Task details: Copy the data exactly, pictures aside.

Given information:
[Start of section]

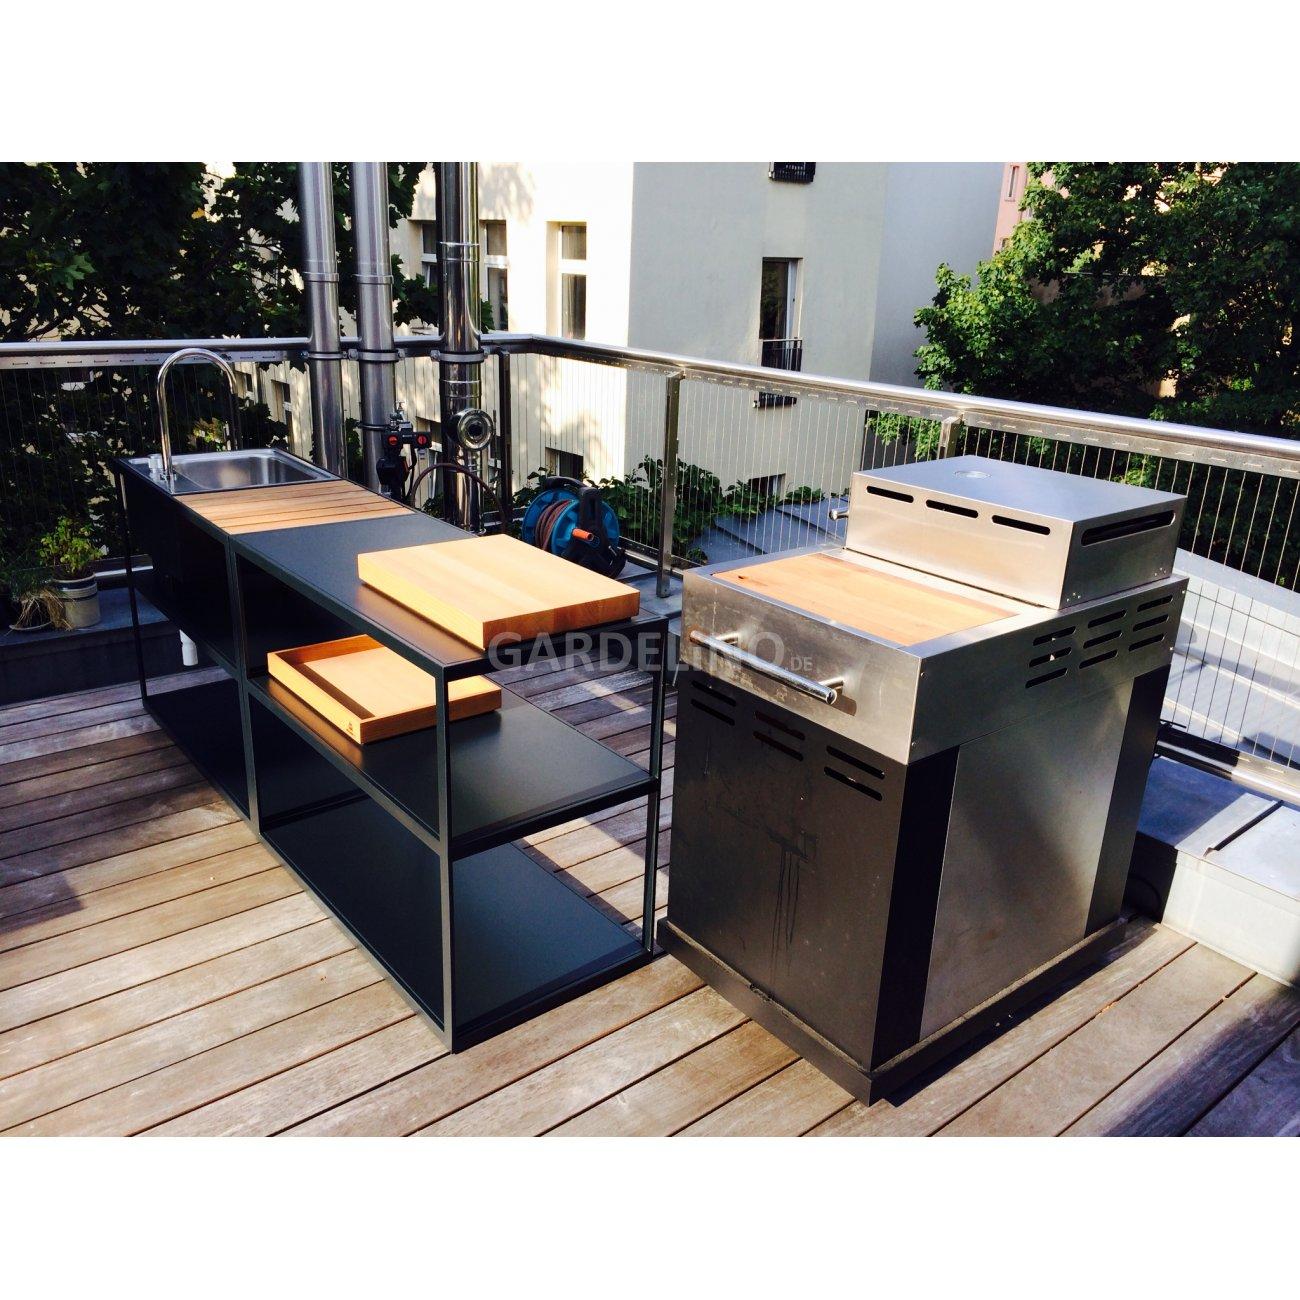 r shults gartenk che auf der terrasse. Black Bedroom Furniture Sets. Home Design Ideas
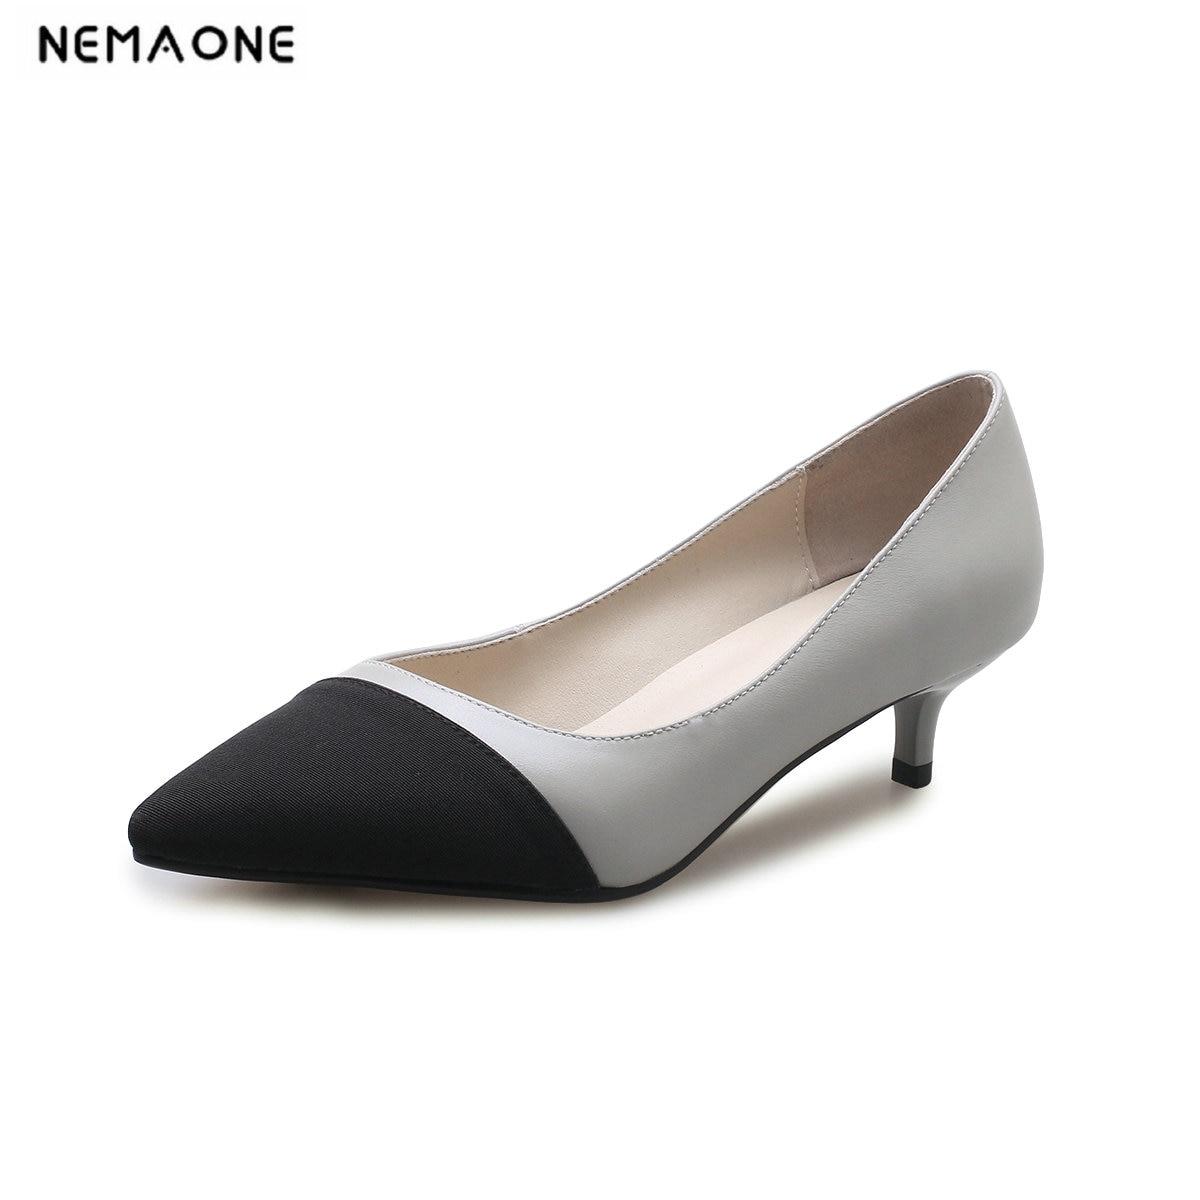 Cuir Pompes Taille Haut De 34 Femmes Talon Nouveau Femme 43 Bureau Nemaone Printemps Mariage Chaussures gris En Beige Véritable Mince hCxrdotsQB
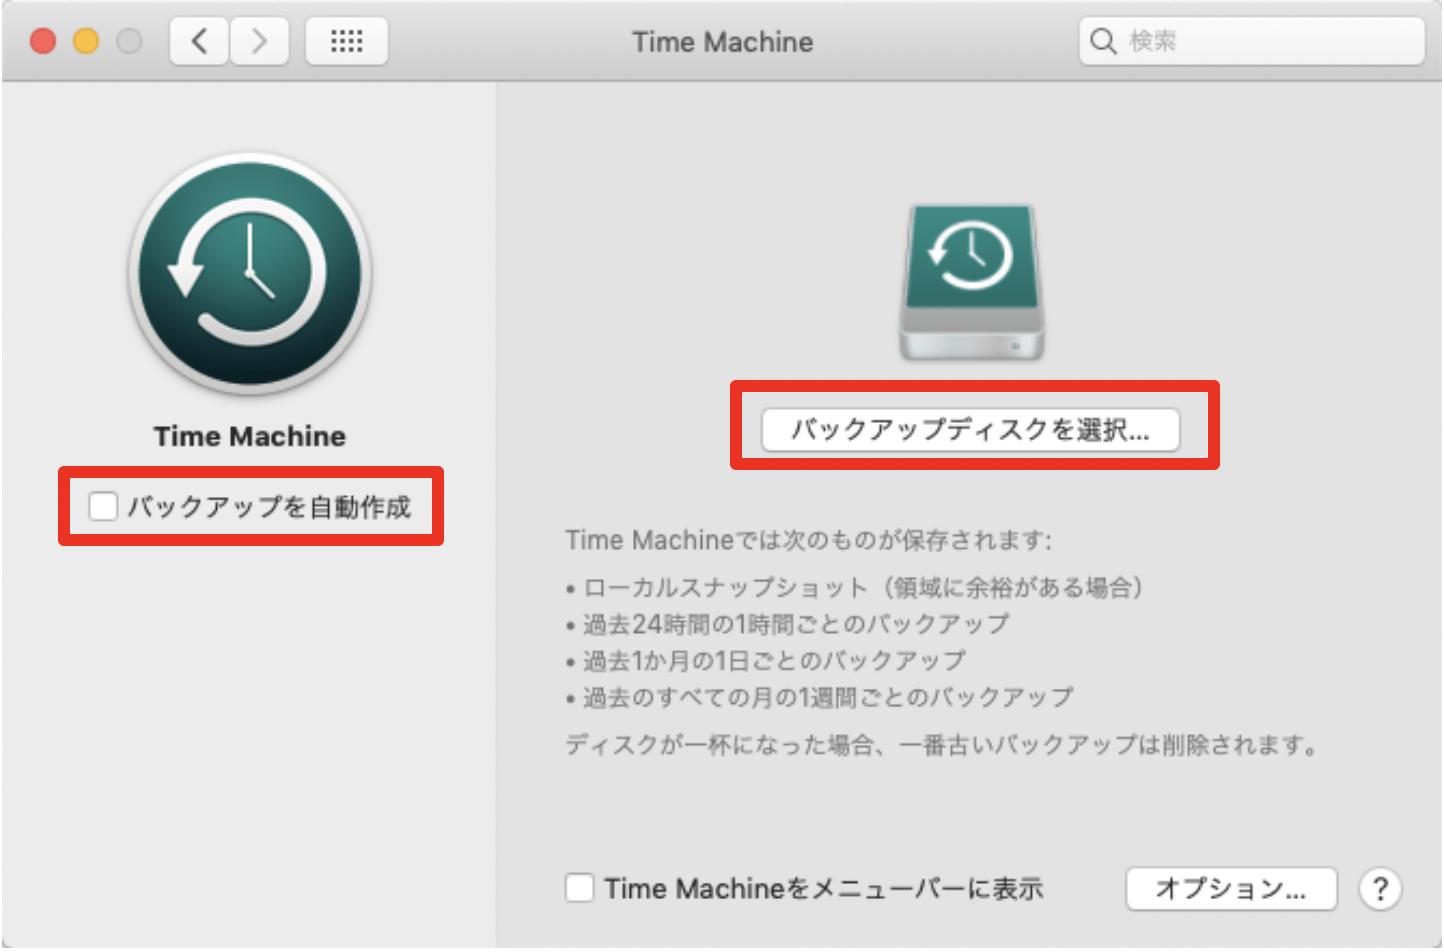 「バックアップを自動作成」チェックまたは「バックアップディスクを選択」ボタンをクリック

[End of section]

Output for this task:
 r shults gartenk che auf der terrasse. Black Bedroom Furniture Sets. Home Design Ideas
 Cuir Pompes Taille Haut De 34 Femmes Talon Nouveau Femme 43 Bureau Nemaone Printemps Mariage Chaussures gris En Beige Véritable Mince hCxrdotsQB
 「バックアップを自動作成」チェックまたは「バックアップディスクを選択」ボタンをクリック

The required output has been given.